> _What to work on_
Set down every line from the one containing "MAZDA MODEL AZ-WAGON" through the last line of the records below, exactly as written, and leave out the pictures.

Items from a dataset:
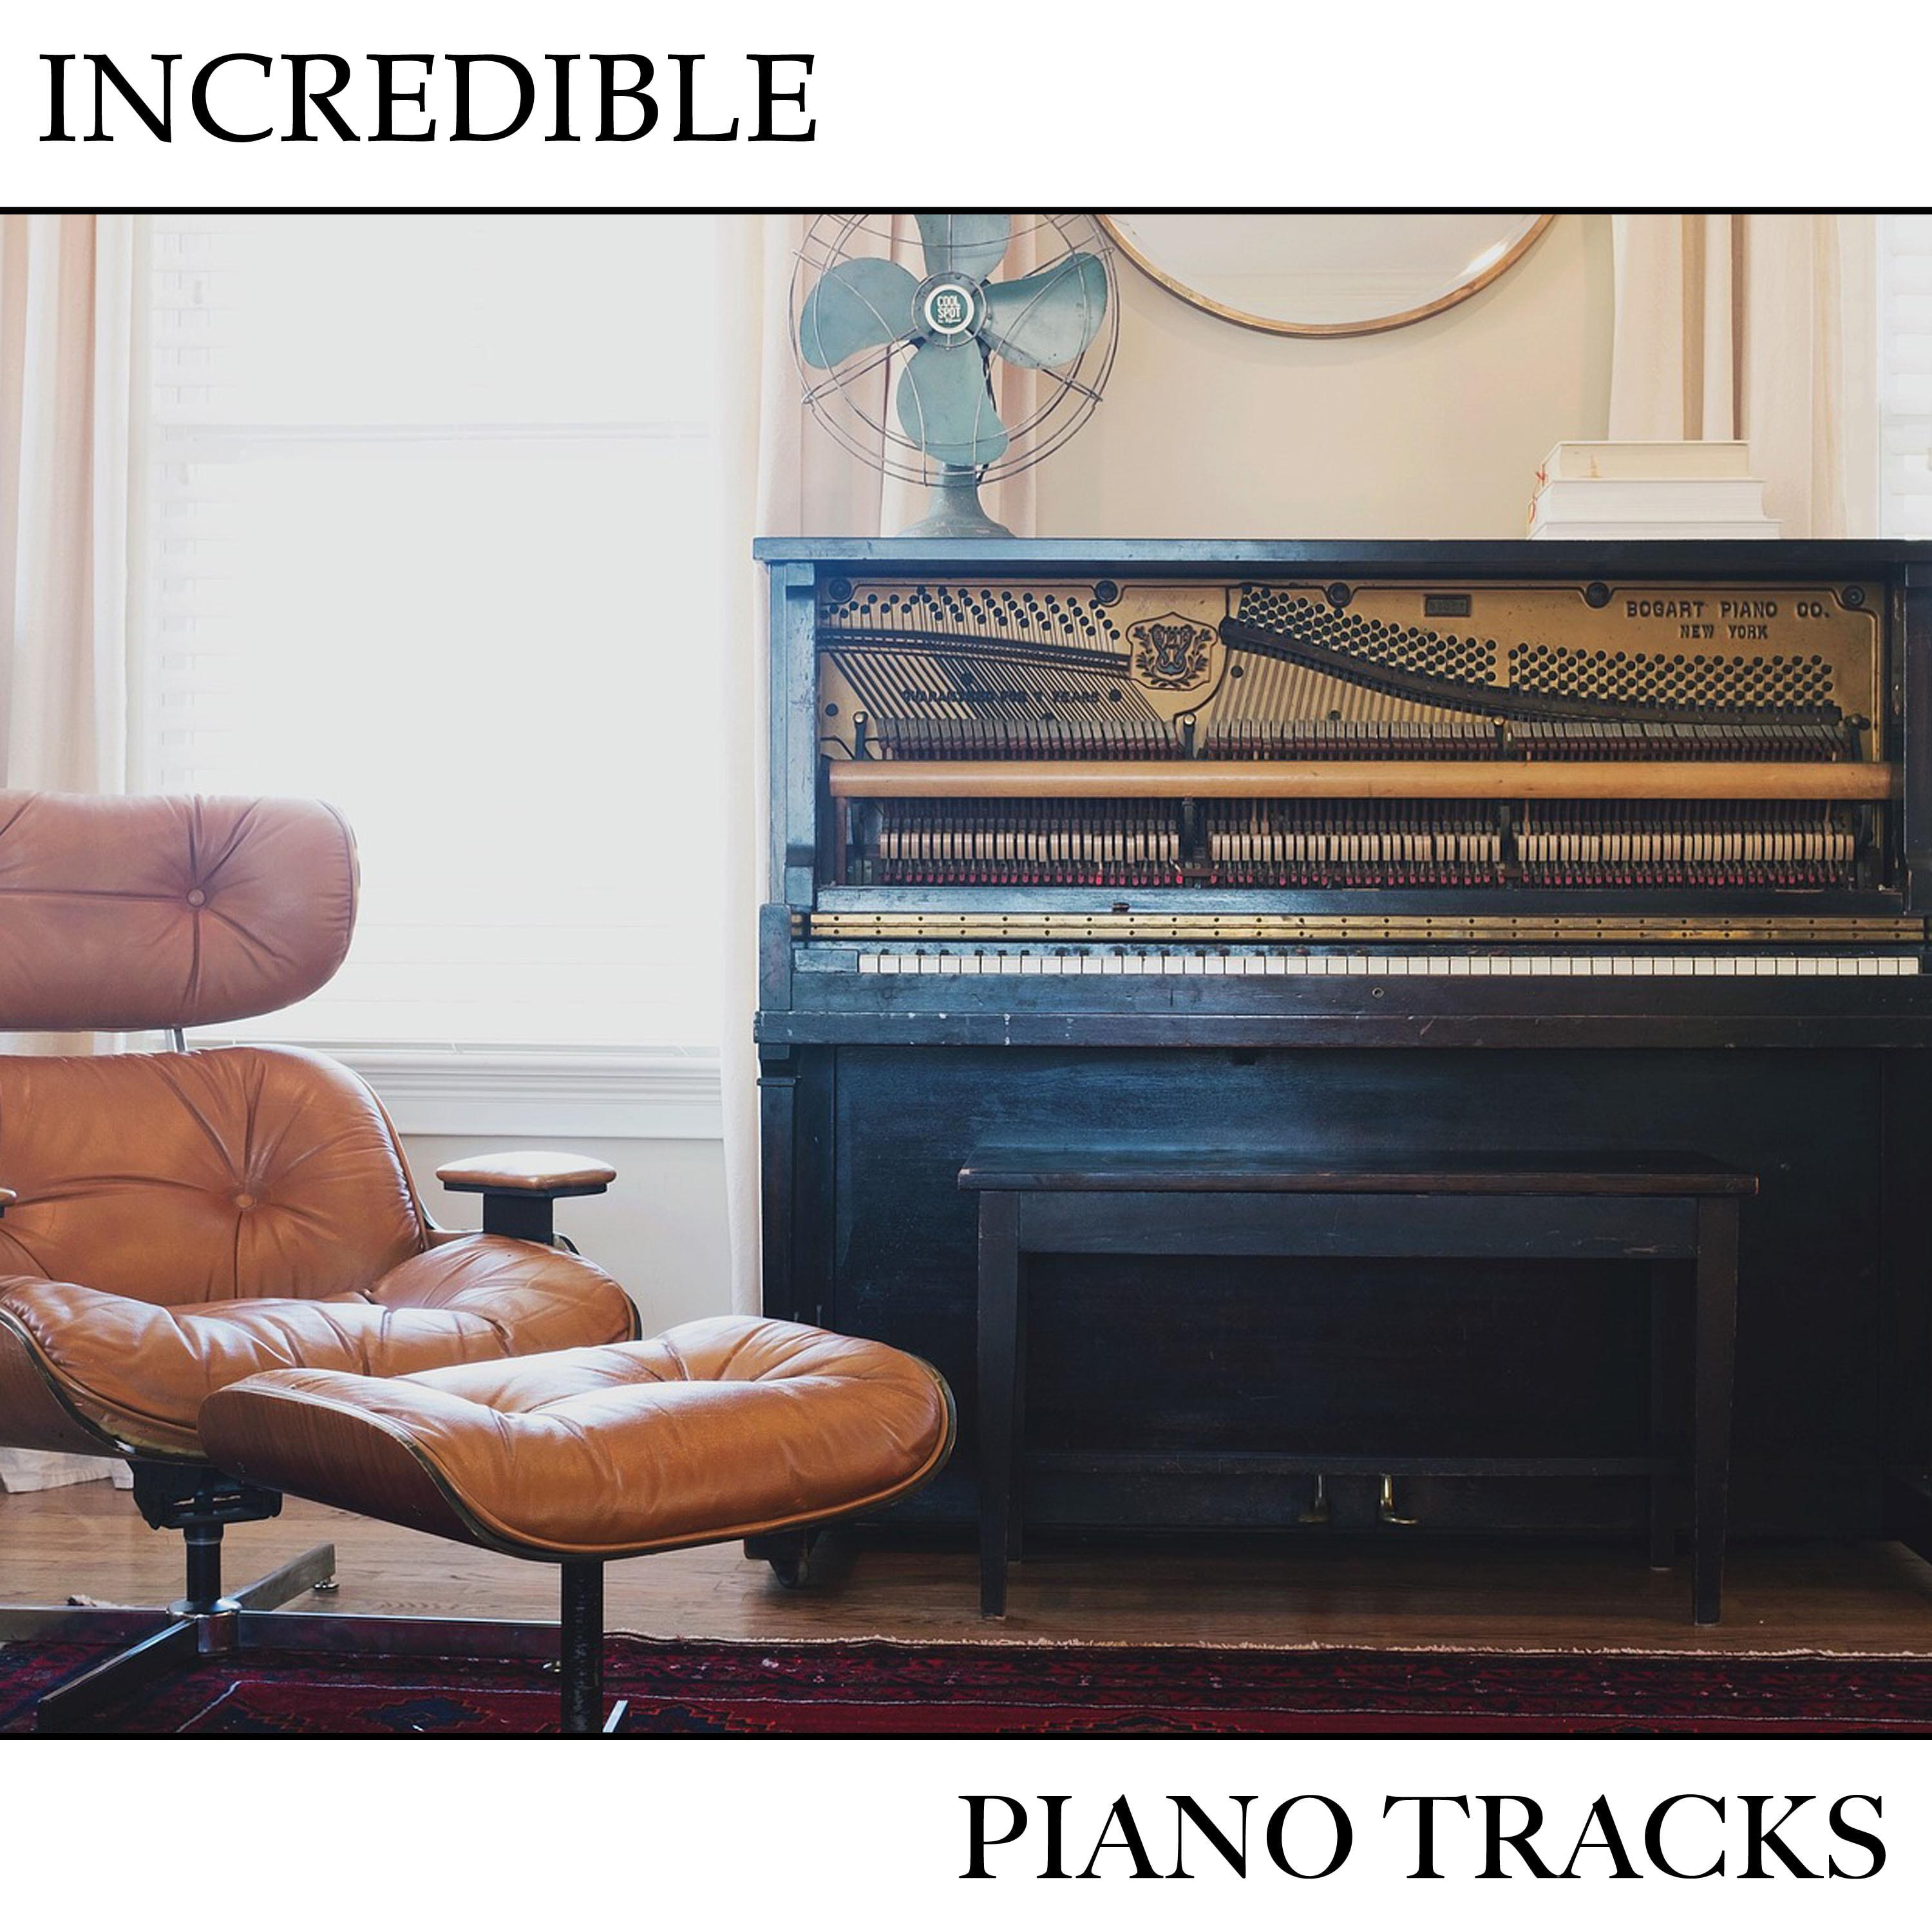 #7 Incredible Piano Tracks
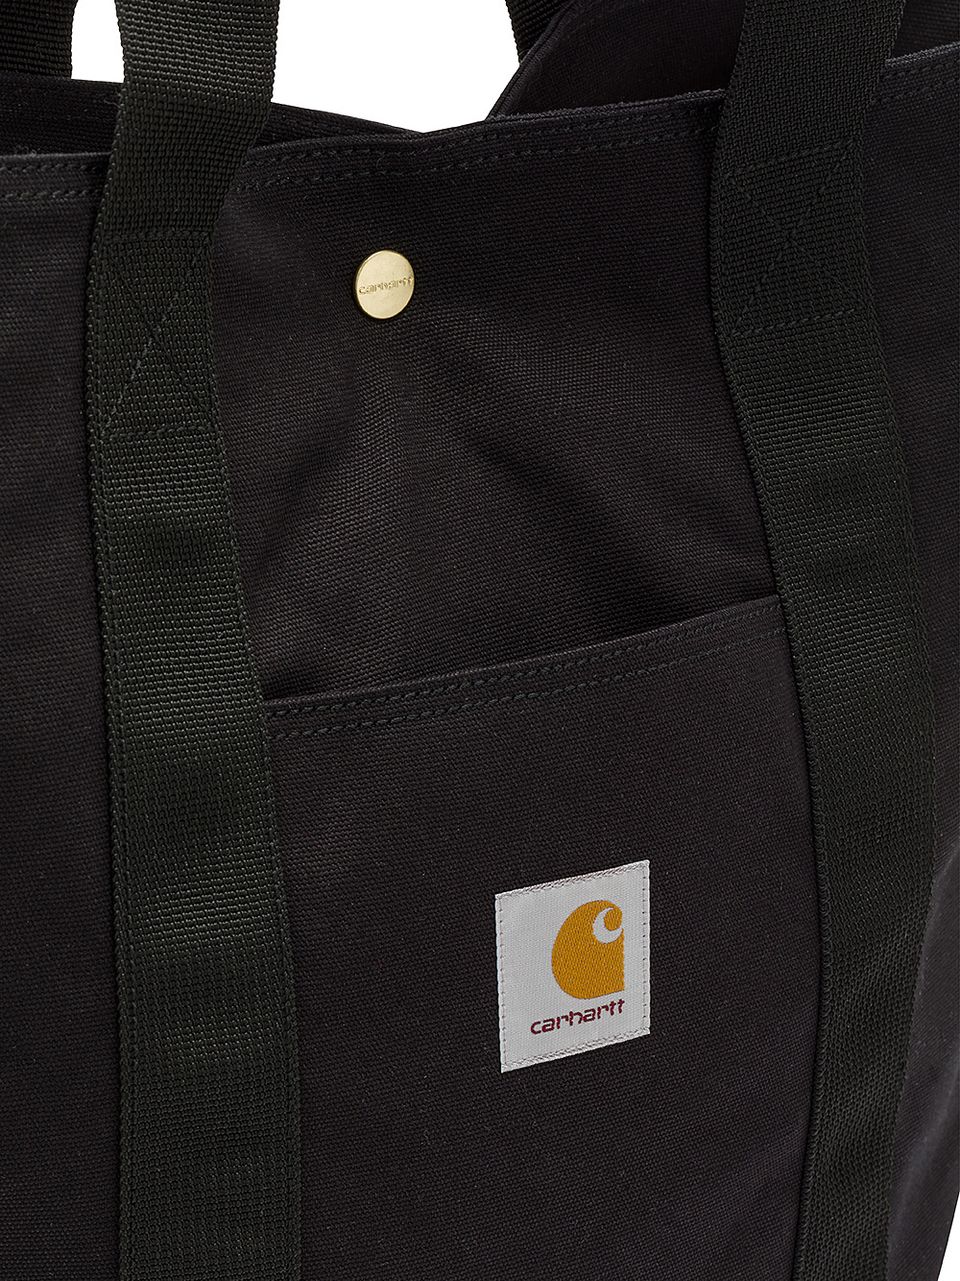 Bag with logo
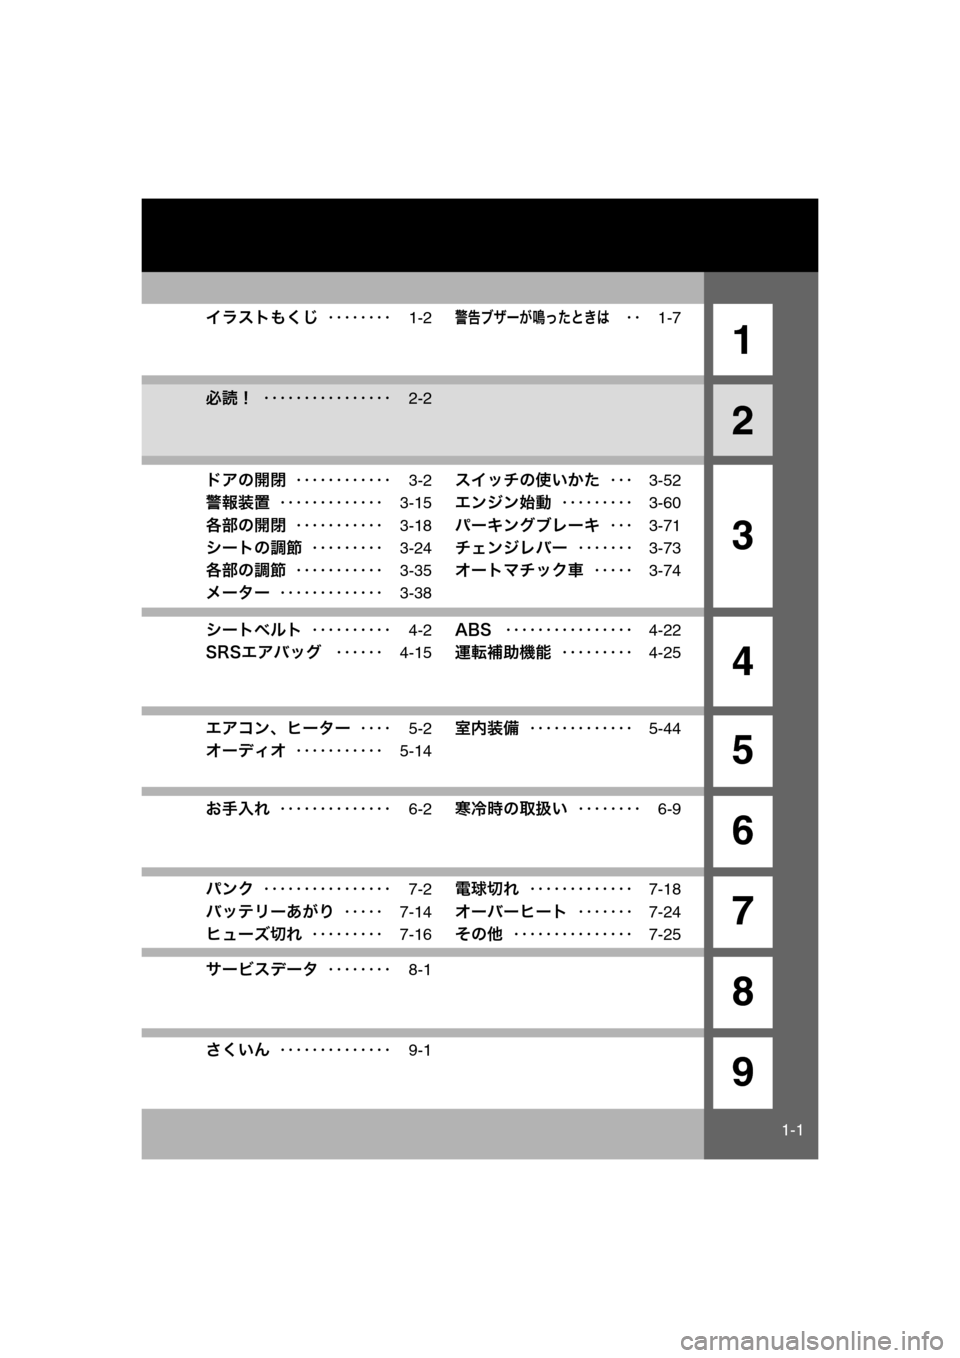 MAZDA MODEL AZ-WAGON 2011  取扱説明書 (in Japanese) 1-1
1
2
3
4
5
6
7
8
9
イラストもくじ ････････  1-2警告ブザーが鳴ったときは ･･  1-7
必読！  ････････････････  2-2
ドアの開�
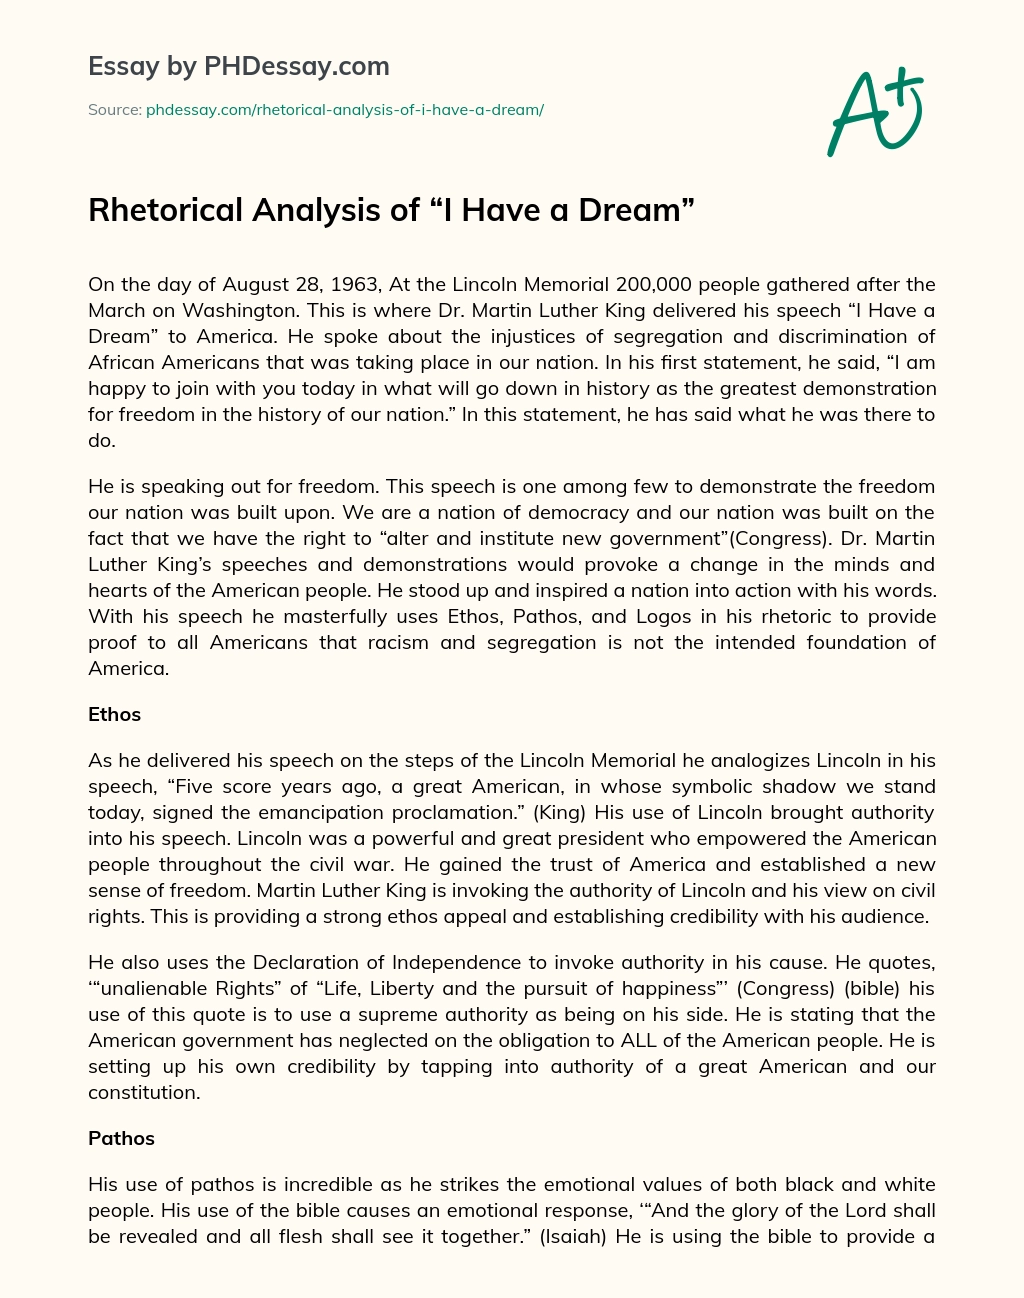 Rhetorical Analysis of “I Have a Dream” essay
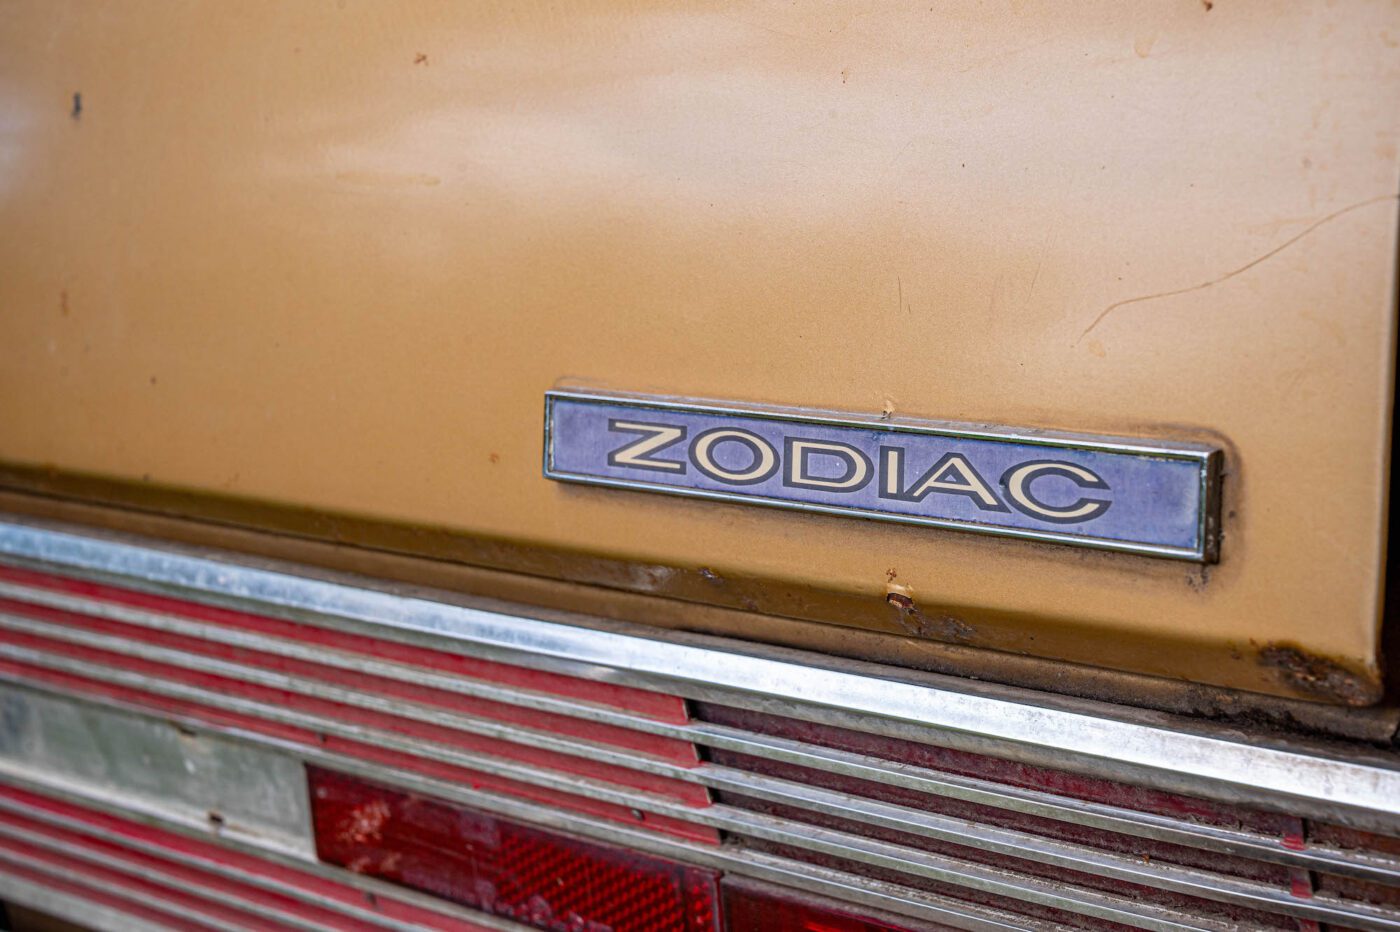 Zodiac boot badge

> _Answer space_
 MAZDA MODEL AZ-WAGON 2011  取扱説明書 (in Japanese) 1-1
1
2
3
4
5
6
7
8
9
イラストもくじ ････････  1-2警告ブザーが鳴ったときは ･･  1-7
必読！  ････････････････  2-2
ドアの開�
 Rhetorical Analysis of “I Have a Dream” essay
 Zodiac boot badge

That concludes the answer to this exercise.